Exercise goal -> Every line of the records counts; transcribe each one exactly.

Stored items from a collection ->
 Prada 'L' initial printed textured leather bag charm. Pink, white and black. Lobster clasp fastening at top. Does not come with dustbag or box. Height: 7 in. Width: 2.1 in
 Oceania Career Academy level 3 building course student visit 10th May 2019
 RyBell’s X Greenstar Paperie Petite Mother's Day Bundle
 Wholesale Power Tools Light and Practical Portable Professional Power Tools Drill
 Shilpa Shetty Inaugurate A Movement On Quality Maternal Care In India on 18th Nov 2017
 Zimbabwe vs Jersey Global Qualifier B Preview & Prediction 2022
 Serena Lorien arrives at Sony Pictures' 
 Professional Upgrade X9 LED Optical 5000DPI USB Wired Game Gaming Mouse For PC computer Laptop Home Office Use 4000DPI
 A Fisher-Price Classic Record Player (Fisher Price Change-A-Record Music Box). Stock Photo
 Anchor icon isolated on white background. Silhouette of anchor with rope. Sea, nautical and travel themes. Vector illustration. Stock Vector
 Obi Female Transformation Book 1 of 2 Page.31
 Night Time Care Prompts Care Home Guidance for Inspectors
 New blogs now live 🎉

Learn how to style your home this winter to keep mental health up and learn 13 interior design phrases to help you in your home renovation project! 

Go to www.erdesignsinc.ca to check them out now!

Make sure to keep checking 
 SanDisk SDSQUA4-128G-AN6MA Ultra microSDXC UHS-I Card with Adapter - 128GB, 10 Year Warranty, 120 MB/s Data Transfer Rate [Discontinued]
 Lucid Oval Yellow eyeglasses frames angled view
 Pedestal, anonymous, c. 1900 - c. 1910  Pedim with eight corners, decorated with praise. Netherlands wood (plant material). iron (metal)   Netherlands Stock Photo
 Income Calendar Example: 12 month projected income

Response to the exercise ->
 Prada 'L' initial printed textured leather bag charm. Pink, white and black. Lobster clasp fastening at top. Does not come with dustbag or box. Height: 7 in. Width: 2.1 in
 Oceania Career Academy level 3 building course student visit 10th May 2019
 RyBell’s X Greenstar Paperie Petite Mother's Day Bundle
 Wholesale Power Tools Light and Practical Portable Professional Power Tools Drill
 Shilpa Shetty Inaugurate A Movement On Quality Maternal Care In India on 18th Nov 2017
 Zimbabwe vs Jersey Global Qualifier B Preview & Prediction 2022
 Serena Lorien arrives at Sony Pictures' 
 Professional Upgrade X9 LED Optical 5000DPI USB Wired Game Gaming Mouse For PC computer Laptop Home Office Use 4000DPI
 A Fisher-Price Classic Record Player (Fisher Price Change-A-Record Music Box). Stock Photo
 Anchor icon isolated on white background. Silhouette of anchor with rope. Sea, nautical and travel themes. Vector illustration. Stock Vector
 Obi Female Transformation Book 1 of 2 Page.31
 Night Time Care Prompts Care Home Guidance for Inspectors
 New blogs now live 🎉

Learn how to style your home this winter to keep mental health up and learn 13 interior design phrases to help you in your home renovation project! 

Go to www.erdesignsinc.ca to check them out now!

Make sure to keep checking 
 SanDisk SDSQUA4-128G-AN6MA Ultra microSDXC UHS-I Card with Adapter - 128GB, 10 Year Warranty, 120 MB/s Data Transfer Rate [Discontinued]
 Lucid Oval Yellow eyeglasses frames angled view
 Pedestal, anonymous, c. 1900 - c. 1910  Pedim with eight corners, decorated with praise. Netherlands wood (plant material). iron (metal)   Netherlands Stock Photo
 Income Calendar Example: 12 month projected income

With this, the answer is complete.